What is radically different in spectral music is the attitude of the composer faced with the cluster of forces that make up sounds and faced with the time needed for their emergence. From its beginnings, this music has been characterized by the hypnotic power of slowness and by a virtual obsession with continuity, thresholds, transience and dynamic forms. It is in radical opposition to all sorts of formalism which refuse to include time and entropy as the actual foundation of all musical dimensions. Strengthened by an ecology of sounds, spectral music no longer integrates time as an external element imposed upon a sonic material considered as being ‘outside-time,’ but instead treats it as a constituent element of sound itself.

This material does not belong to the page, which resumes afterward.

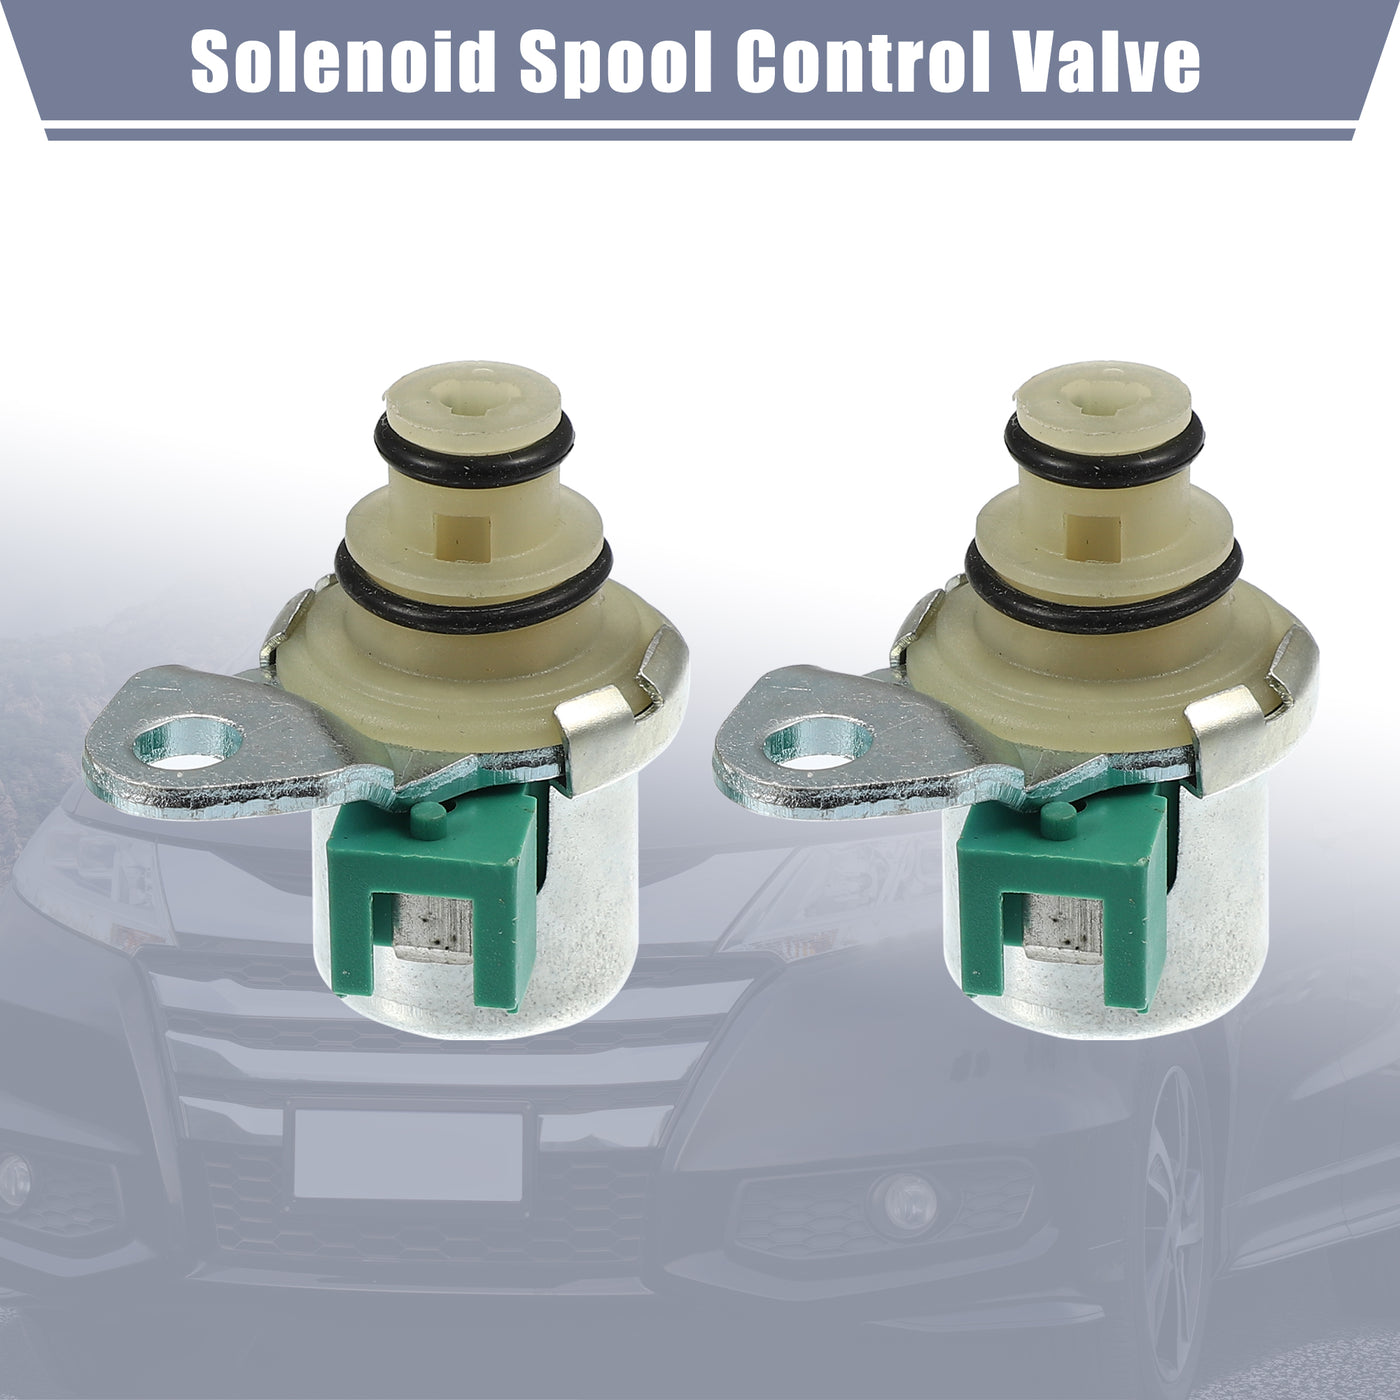 X AUTOHAUX 1 Pair Solenoid Spool Control Valve for Ford for Mazda 1999-On 4F27E FN4A-EL Model 4-Speed Transmission Variable Timing Solenoid

This music forces itself to make time palpable in the ‘impersonal’ form of duration; apparently far removed from spoken language, but doubtlessly close to other biological rhythms which we have yet to discover. Finally, it is sounds and their own materials which generate, through projections or inductions, new musical forms.
p. 3
Twenty years later, the composers who started this movement have evolved towards very different horizons and it is no longer the time for the terrorism of utopias. However, something of that formidable adventure has kept them moving forward; far from any return to the more or less well assimilated traditional musics which have been the refuge for lost voyagers and the consolation of those who were born neither for adventure nor for discovery—when that return was not simply motivated by the desire for demagogic indulgence! We have passed a point of no return and the consequences for musical languages are sufficiently clear that other generations of composers have become interested. We can not know what musical history will decide to keep from our itinerary, but we have participated in and we live that adventure with joy and enthusiasm, since it is not necessary to sink into past-ism or into a servile imitation of our illustrious predecessors to remain in the service of music. The spectral adventure has allowed the renovation, without imitation of the foundations of occidental music, because it is not a closed technique but an attitude. .....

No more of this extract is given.